- Information shown:
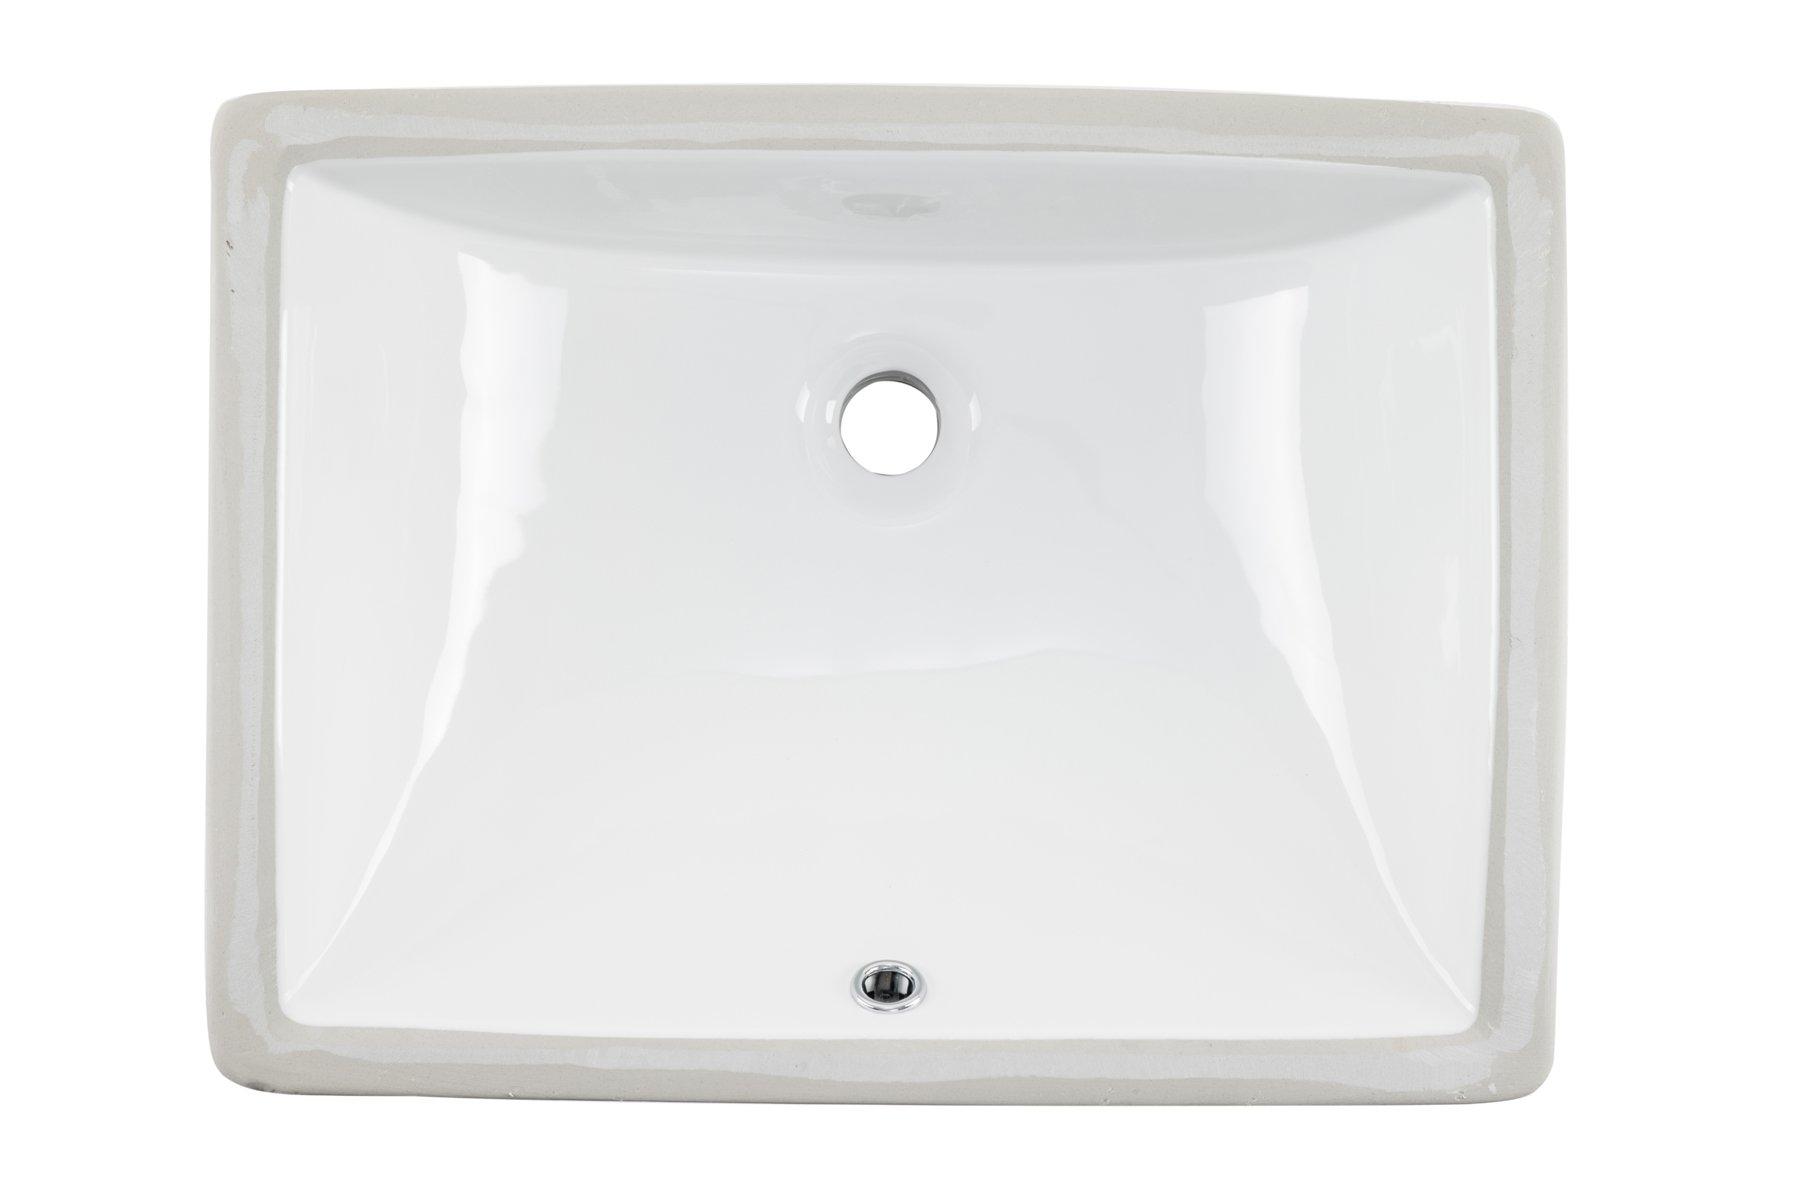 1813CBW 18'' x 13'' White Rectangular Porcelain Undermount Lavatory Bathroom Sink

* * *

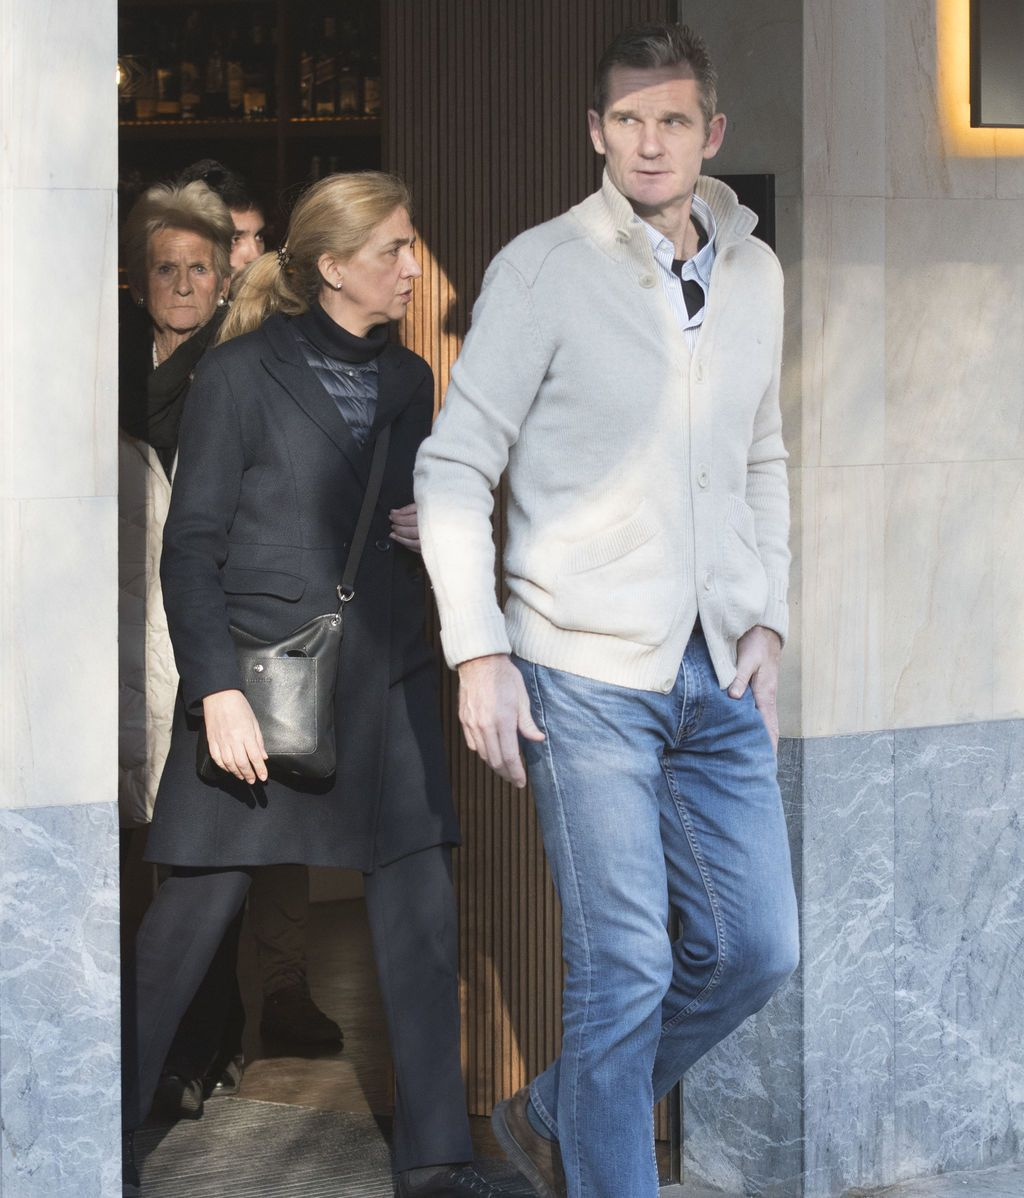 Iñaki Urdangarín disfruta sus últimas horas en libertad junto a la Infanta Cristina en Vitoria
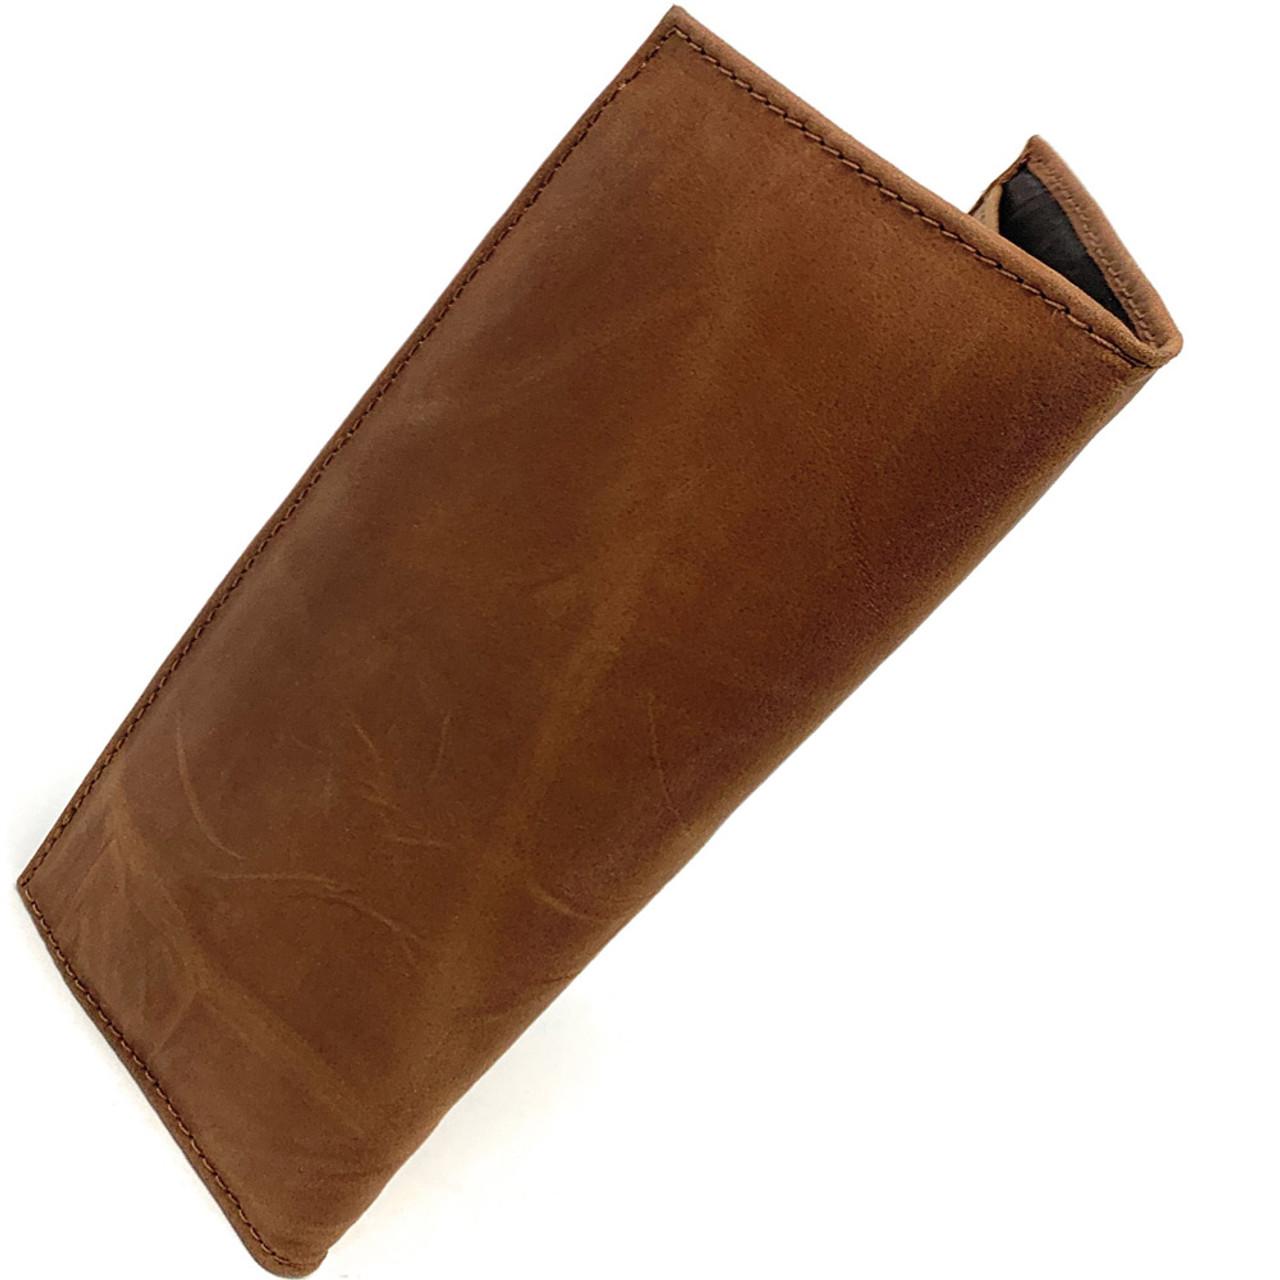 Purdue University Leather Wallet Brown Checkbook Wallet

--

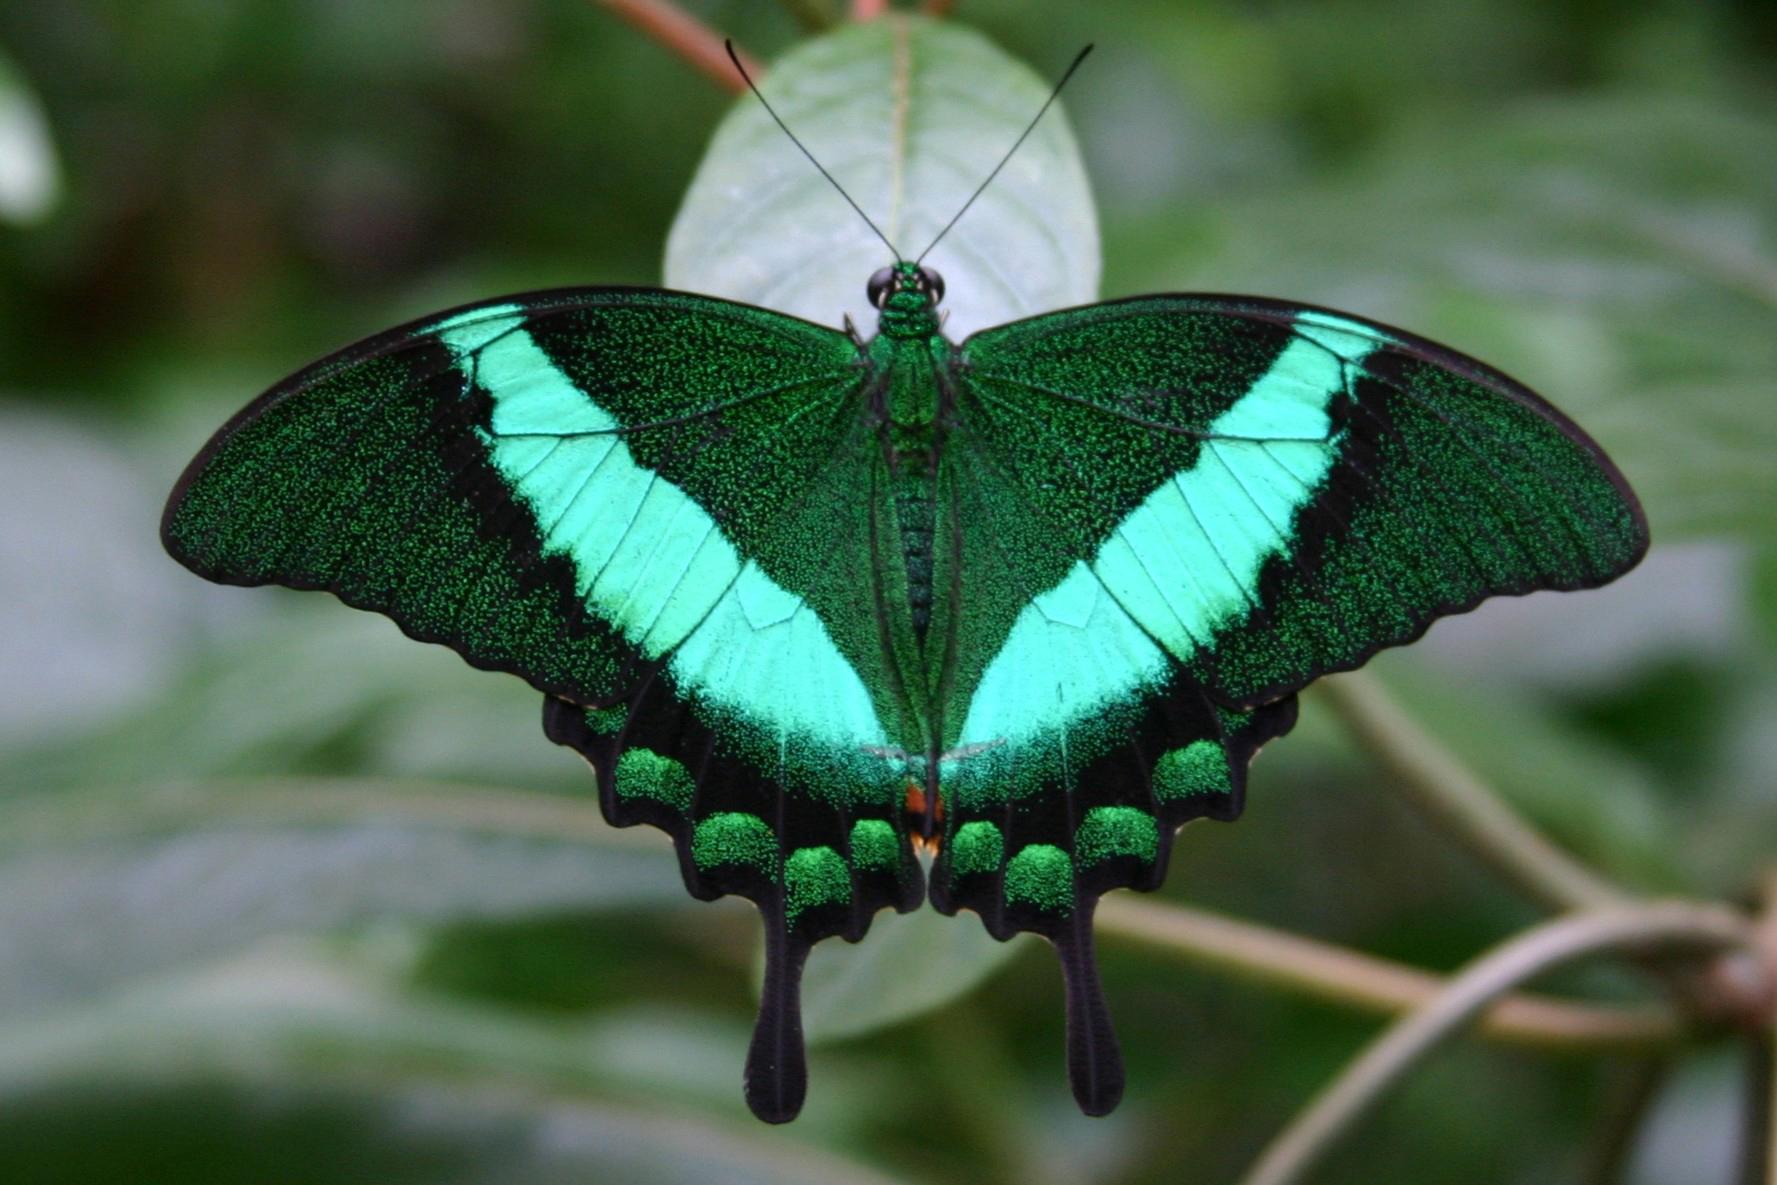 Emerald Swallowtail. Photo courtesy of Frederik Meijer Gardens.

- About this exercise:
Print, exactly and with no pictures, the lines of the listing above starting at the one that has "Iñaki Urdangarín disfruta" and ending at the one that has "Purdue University Leather", both included.

- Output of the task:
 Iñaki Urdangarín disfruta sus últimas horas en libertad junto a la Infanta Cristina en Vitoria
 Purdue University Leather Wallet Brown Checkbook Wallet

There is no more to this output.